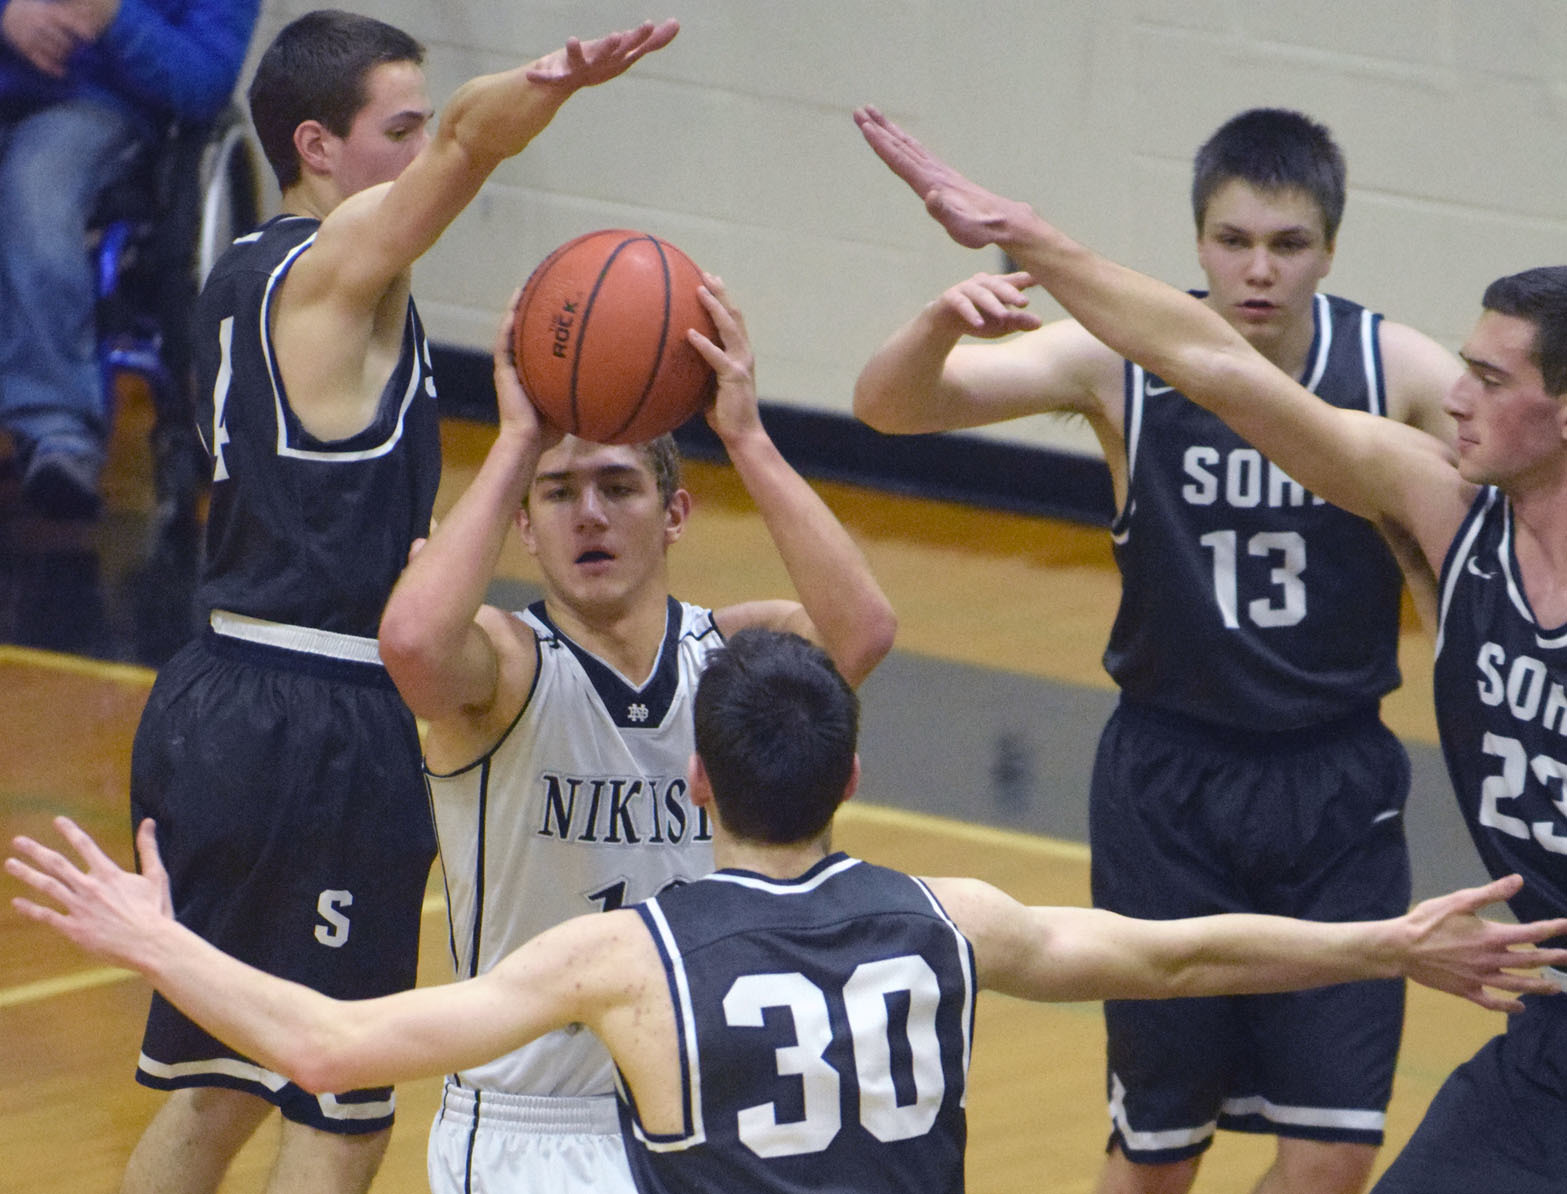 Nikiski’s Ian Johnson extracts himself from a maze of defenders Tuesday, Jan. 31, 2017, at Nikiski High School. From left are Caleb Spence, Sam McElroy, Eli Sheridan and Derek Evans. (Photo by Jeff Helminiak/Peninsula Clarion)
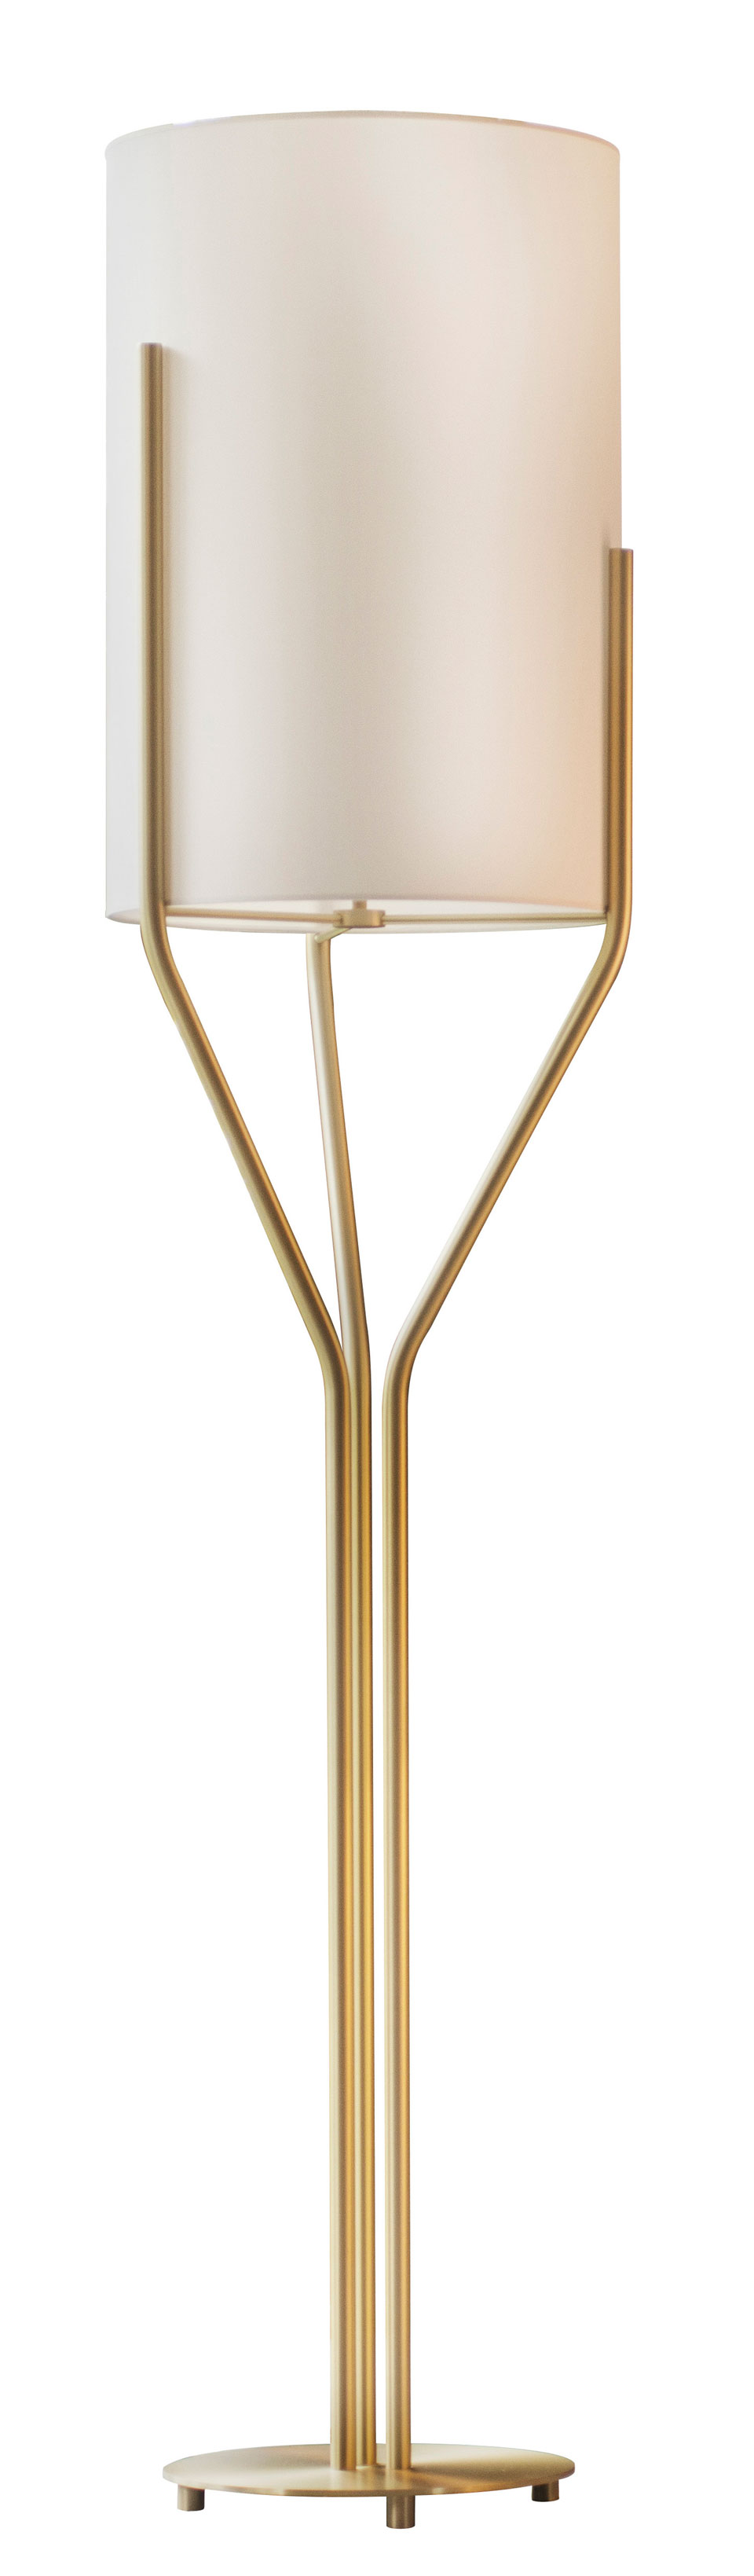 Arborescence Floor Lamp S Golden Stems, Matching Brass Floor And Table Lamps
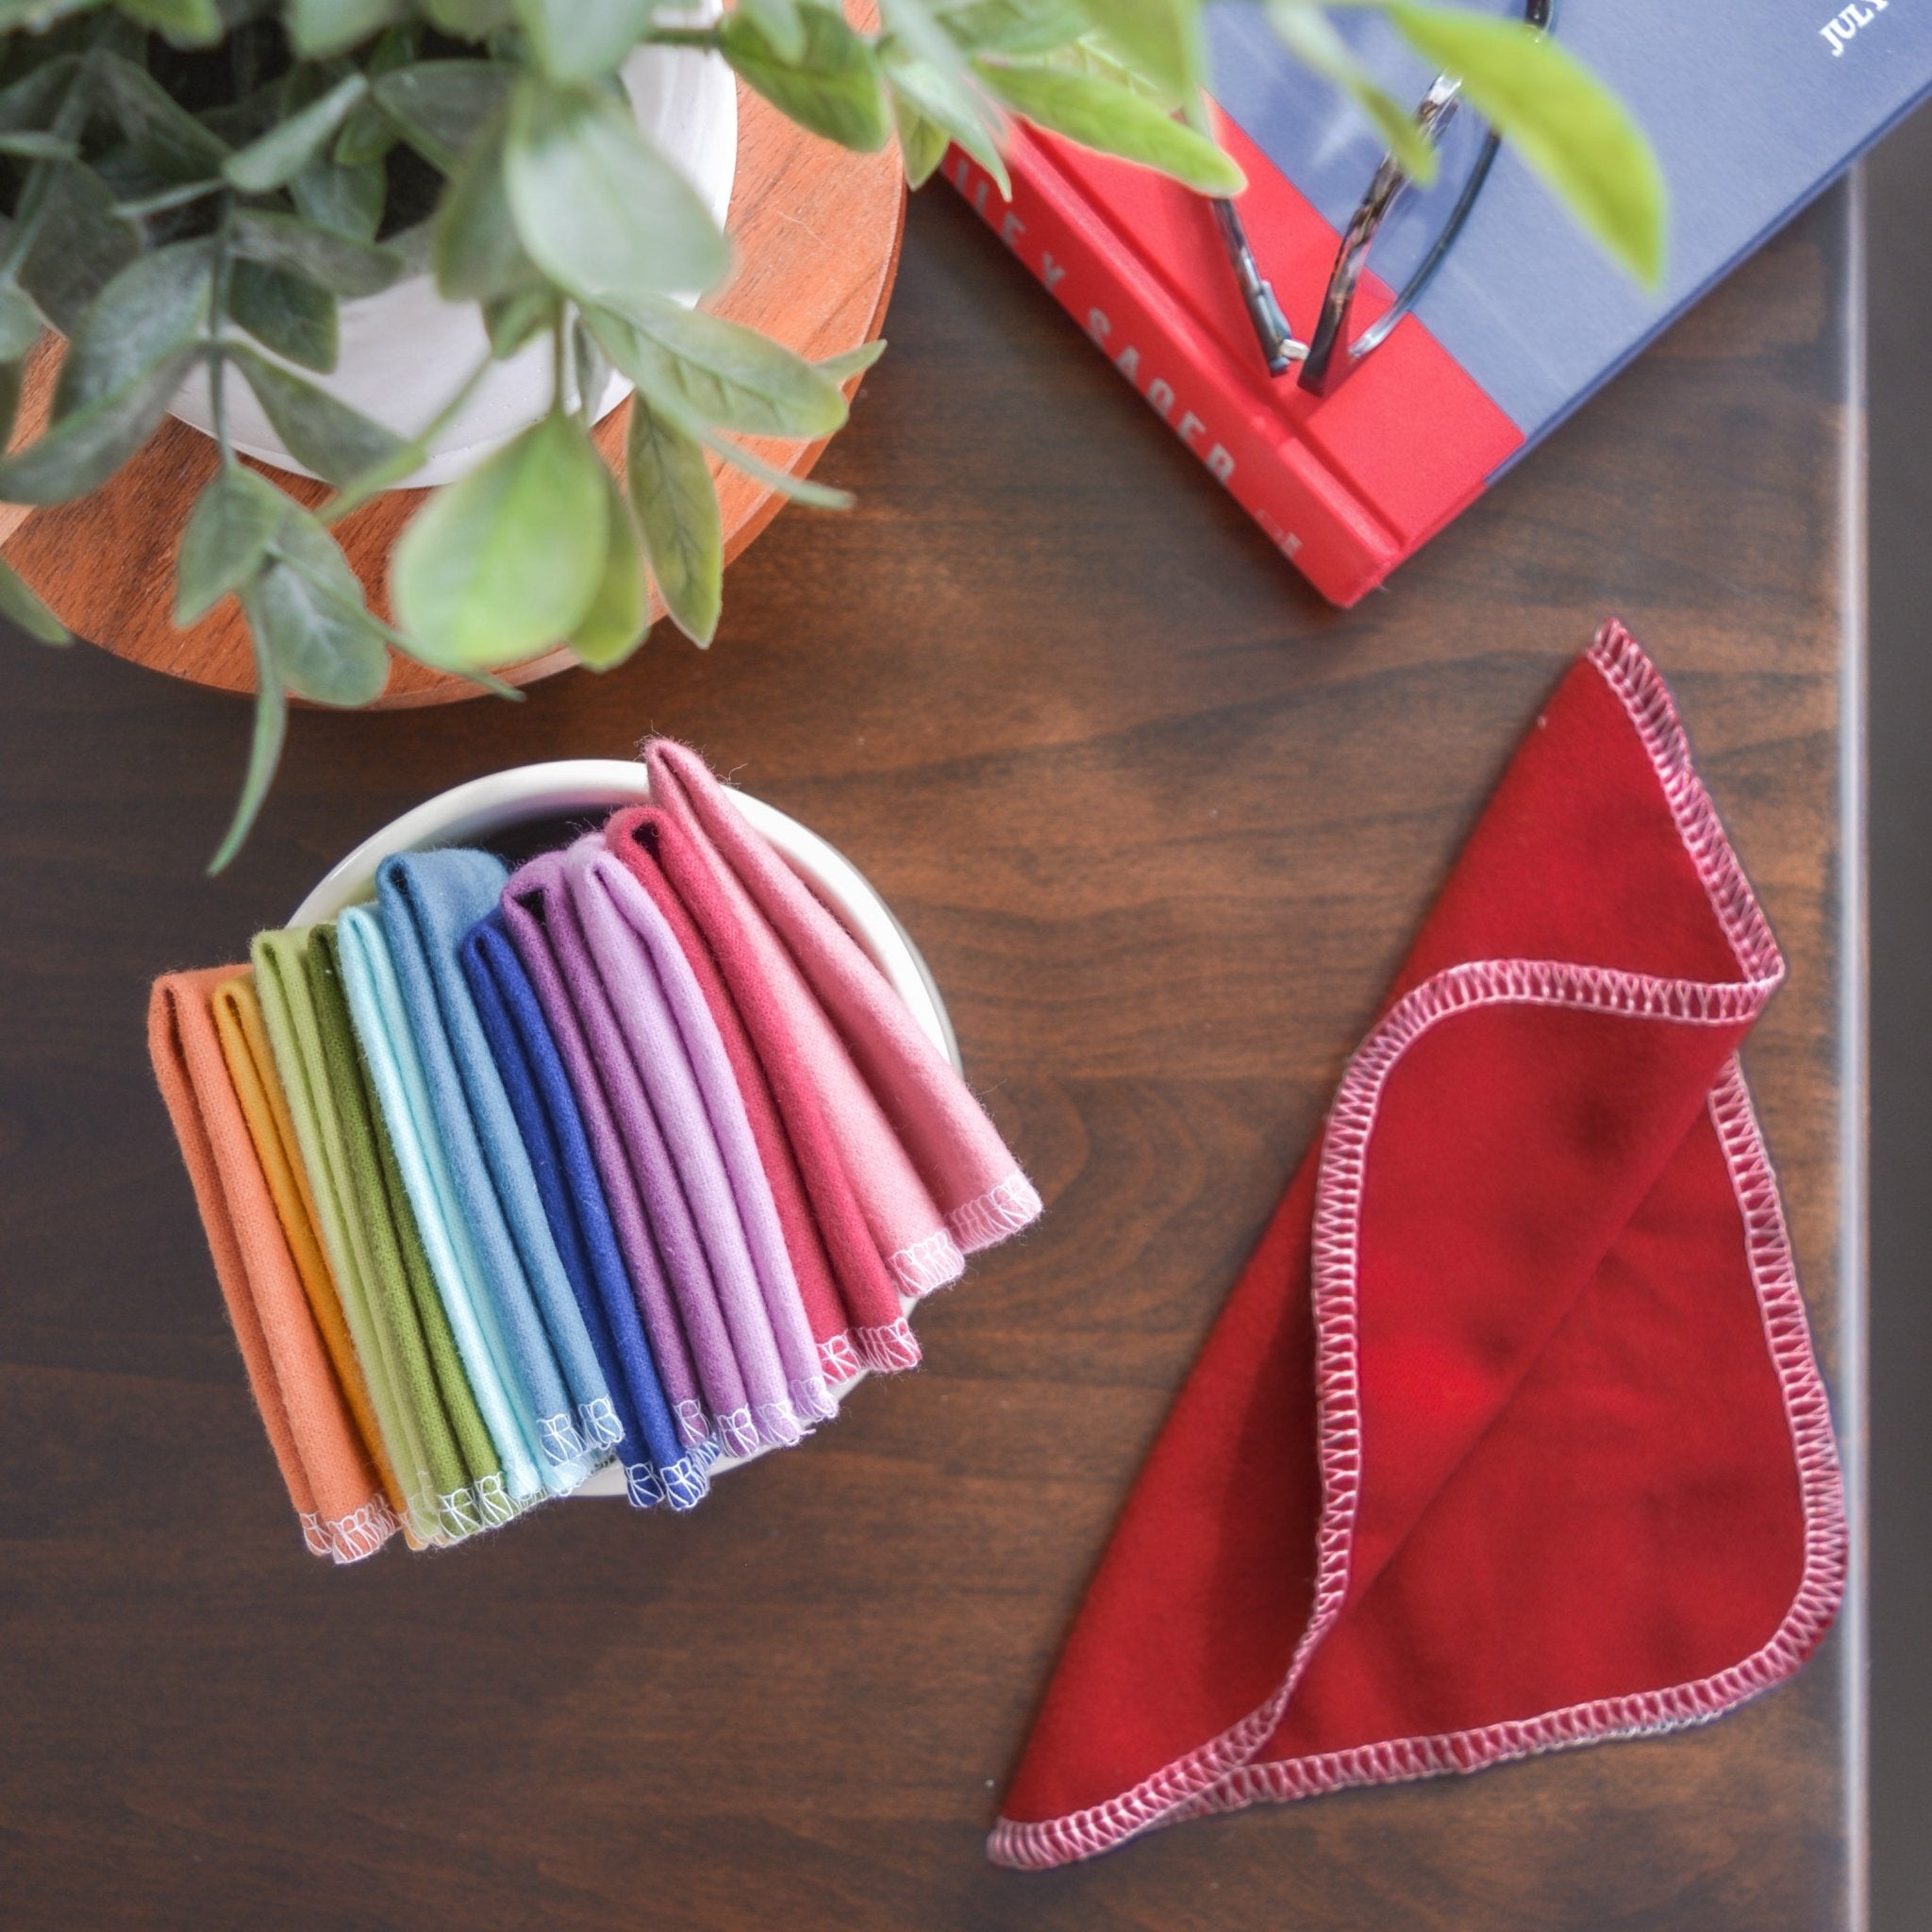 Cloth Wipes: Earthy Rainbow - Marley&#39;s Monsters

+ + + +

• _Exercise brief_
Give an exact copy of the data, and omit any pictures it holds.

• _Solved exercise_
 Nikiski’s Ian Johnson extracts himself from a maze of defenders Tuesday, Jan. 31, 2017, at Nikiski High School. From left are Caleb Spence, Sam McElroy, Eli Sheridan and Derek Evans. (Photo by Jeff Helminiak/Peninsula Clarion)
 Arborescence Floor Lamp S Golden Stems, Matching Brass Floor And Table Lamps
 Cloth Wipes: Earthy Rainbow - Marley&#39;s Monsters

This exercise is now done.